Retype the following data exactly, but leave its pictures out.

**Data block**
+---+

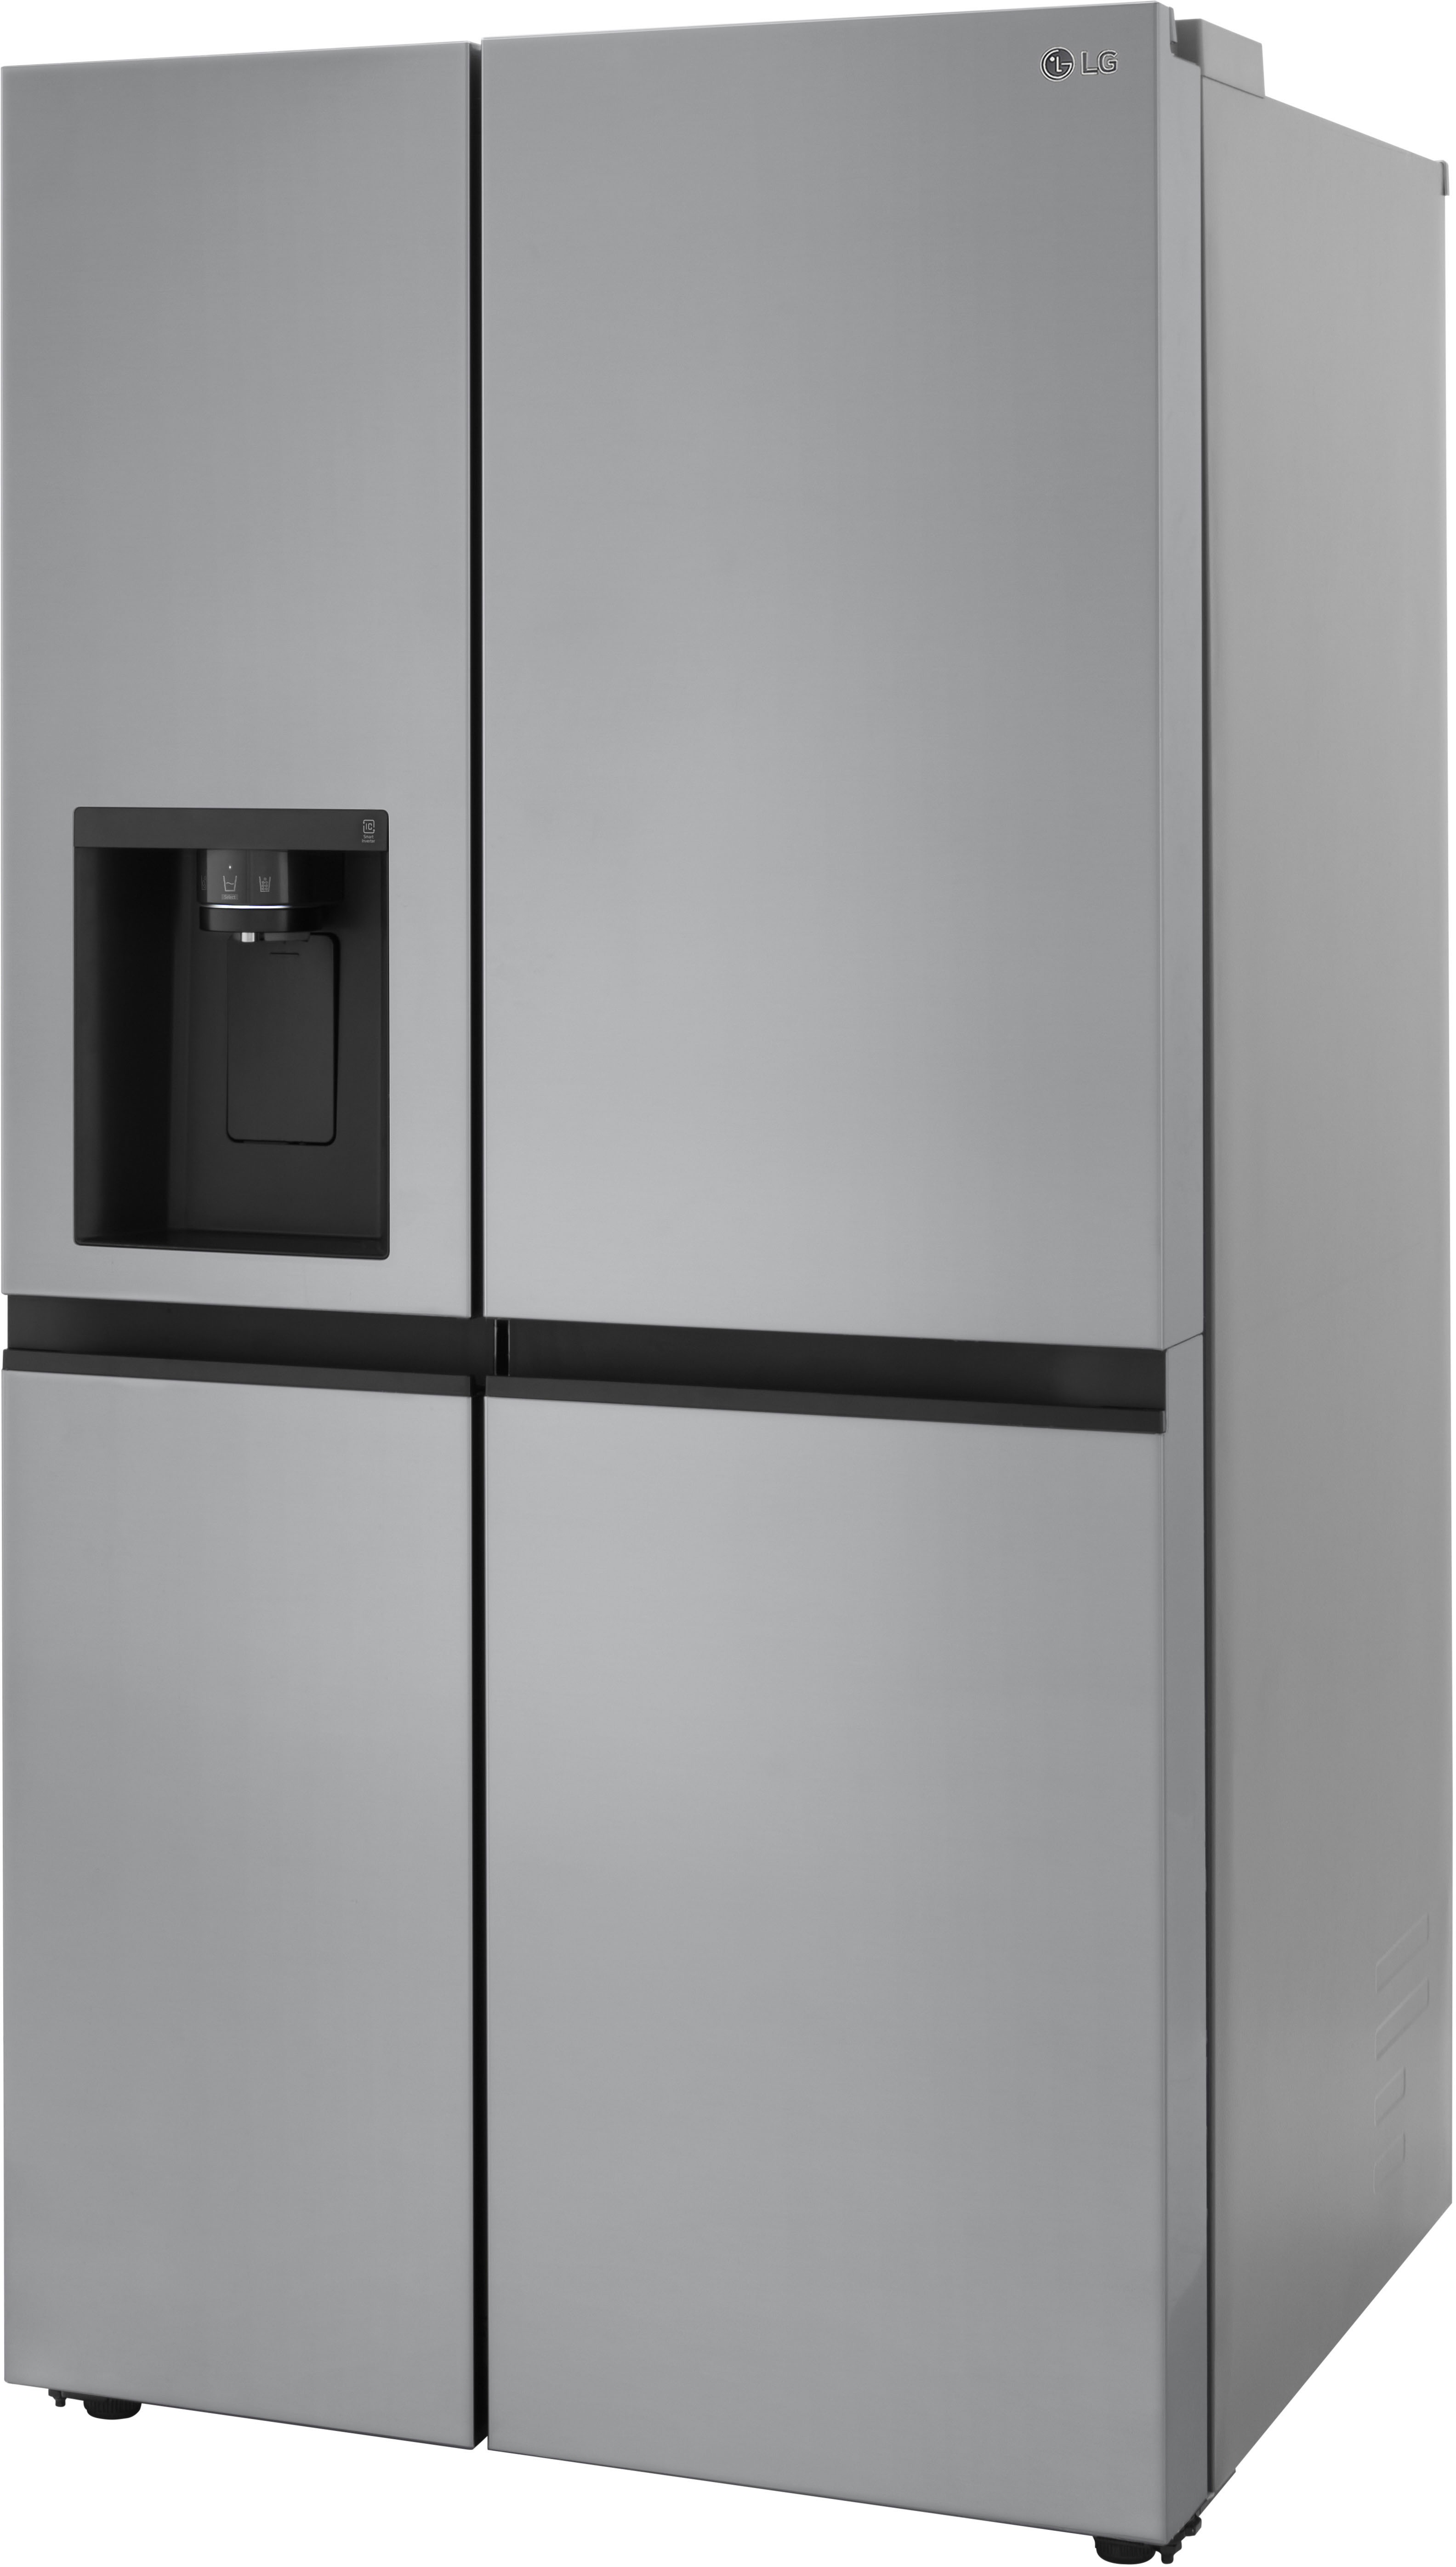 Angle View: Viking - Professional 5 Series Quiet Cool 29.1 Cu. Ft. Side-by-Side Built-In Refrigerator - White
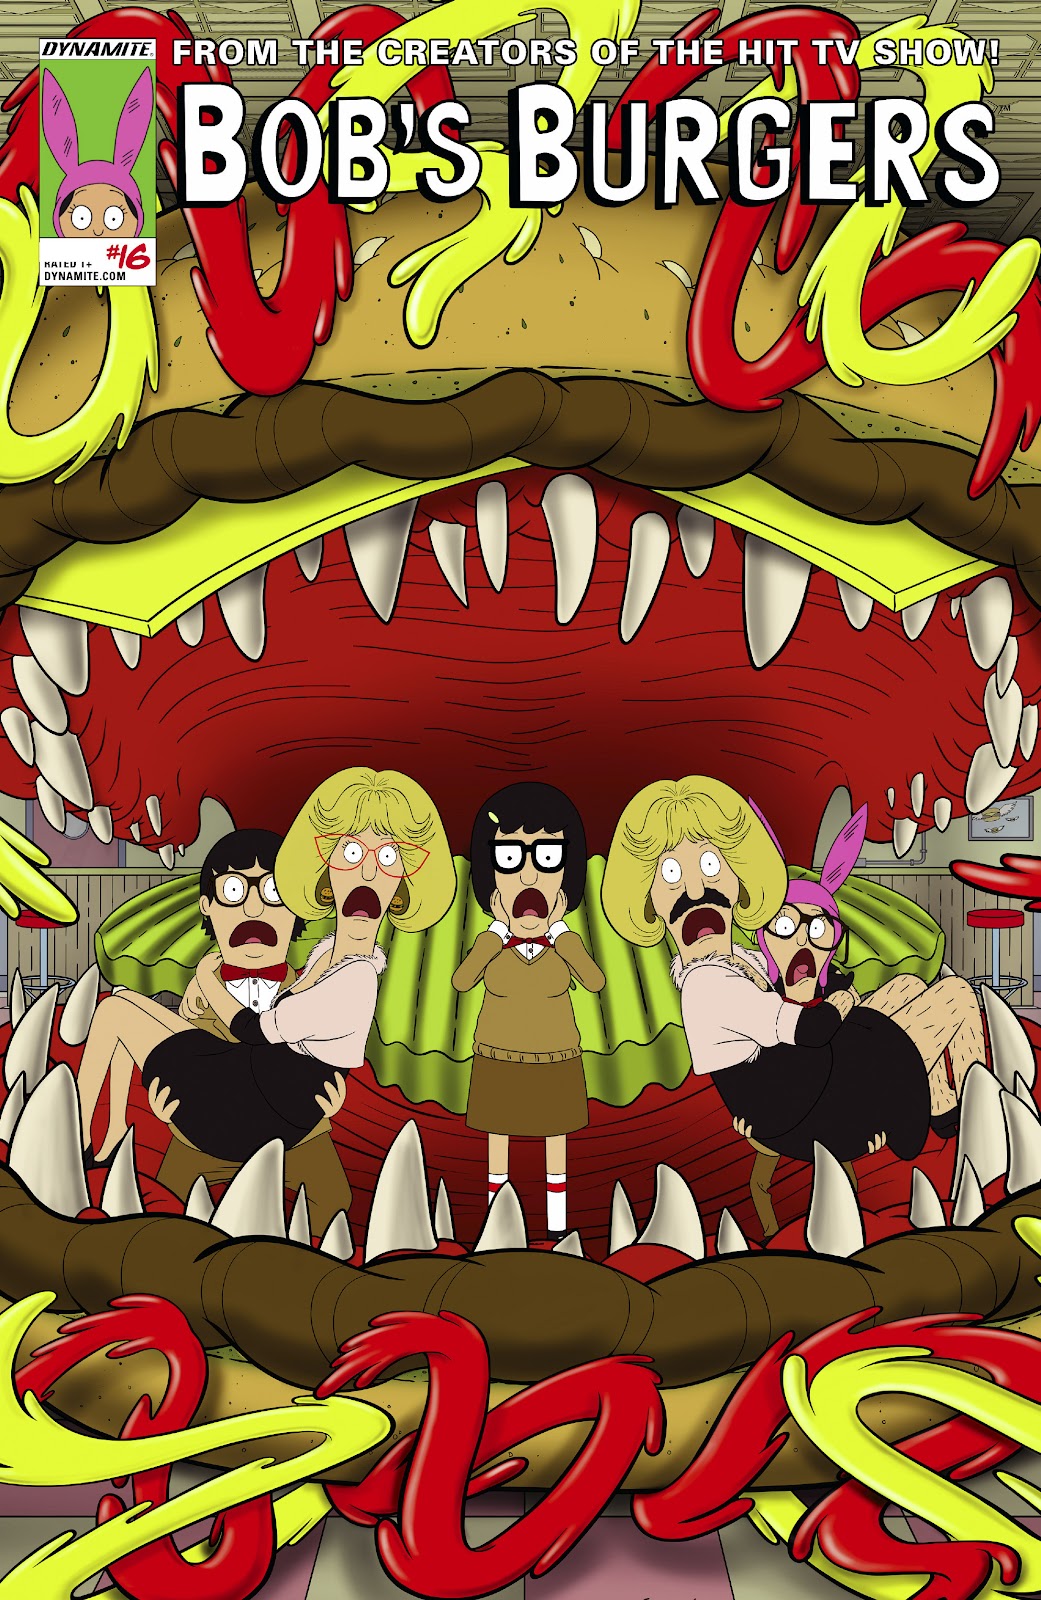 Bobs Burgers Digital Exclusive Edition 016 2016 | Read Bobs Burgers Digital  Exclusive Edition 016 2016 comic online in high quality. Read Full Comic  online for free - Read comics online in high quality .| READ COMIC ONLINE
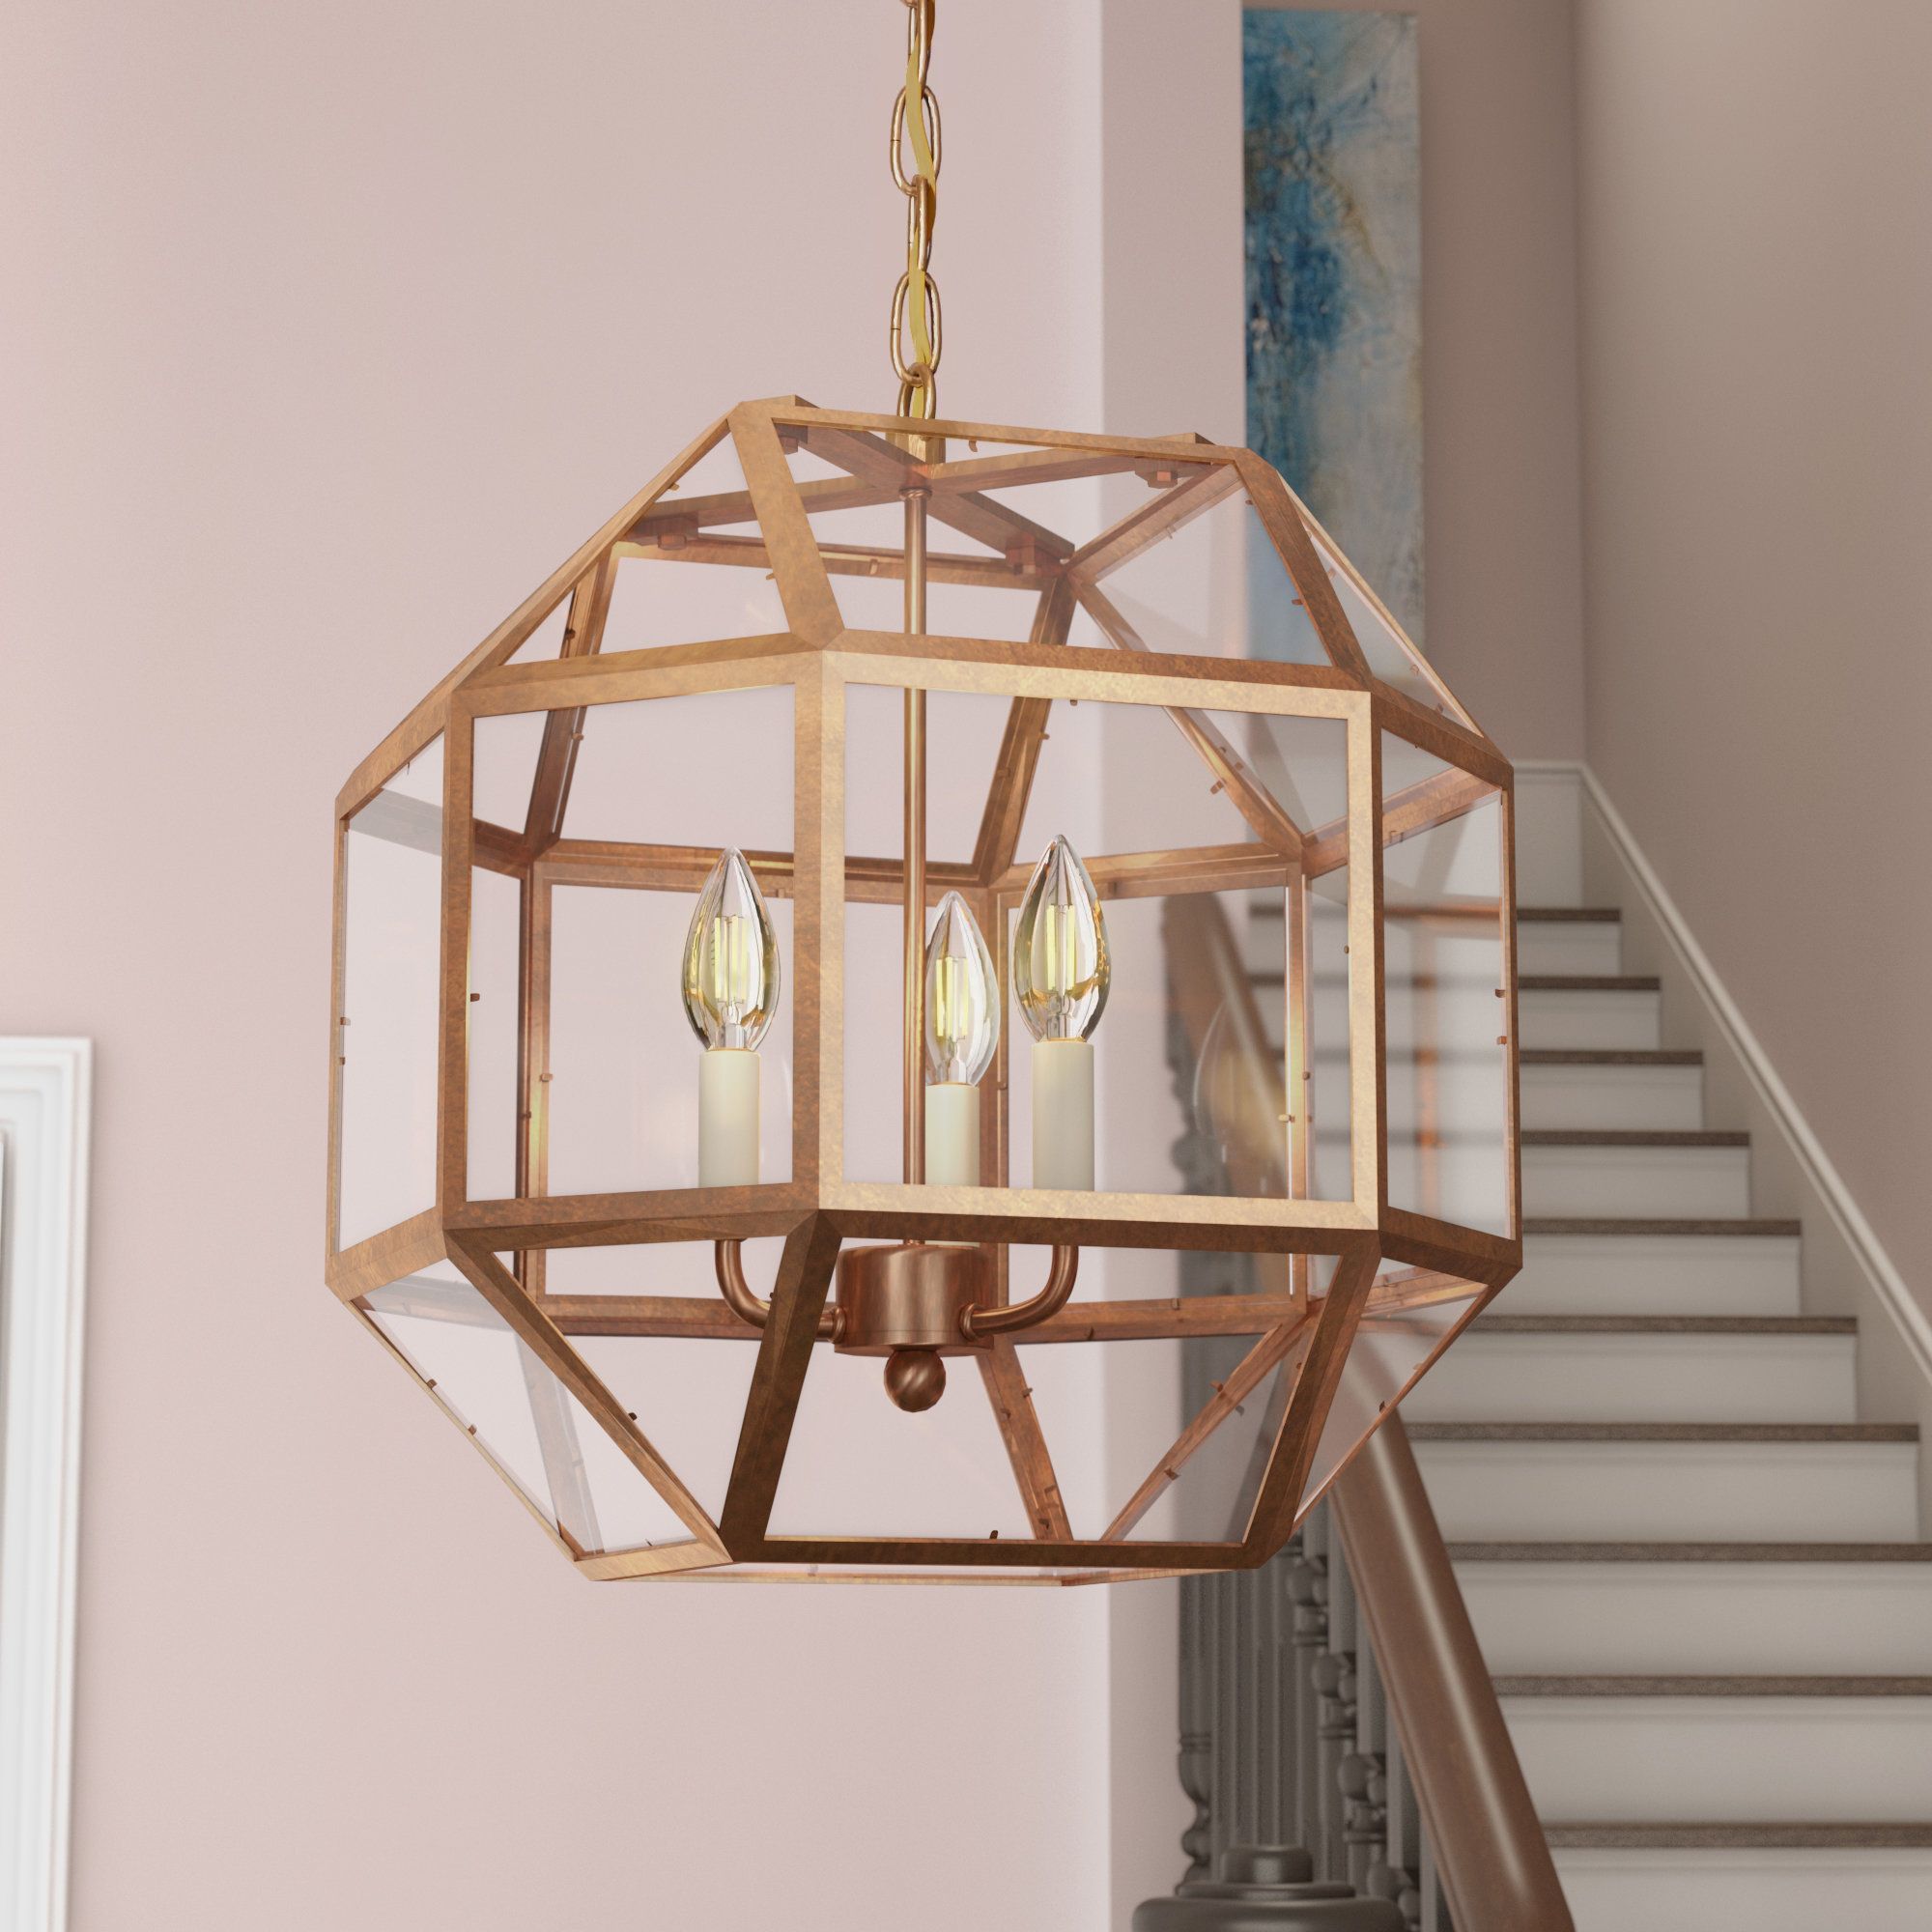 Geometric Chandeliers Sale – Up To 65% Off Until September Within Tabit 5 Light Geometric Chandeliers (View 18 of 30)

+---+

**Output below**
 Angle View: Viking - Professional 5 Series Quiet Cool 29.1 Cu. Ft. Side-by-Side Built-In Refrigerator - White
 Bobs Burgers Digital Exclusive Edition 016 2016 | Read Bobs Burgers Digital  Exclusive Edition 016 2016 comic online in high quality. Read Full Comic  online for free - Read comics online in high quality .| READ COMIC ONLINE
 Geometric Chandeliers Sale – Up To 65% Off Until September Within Tabit 5 Light Geometric Chandeliers (View 18 of 30)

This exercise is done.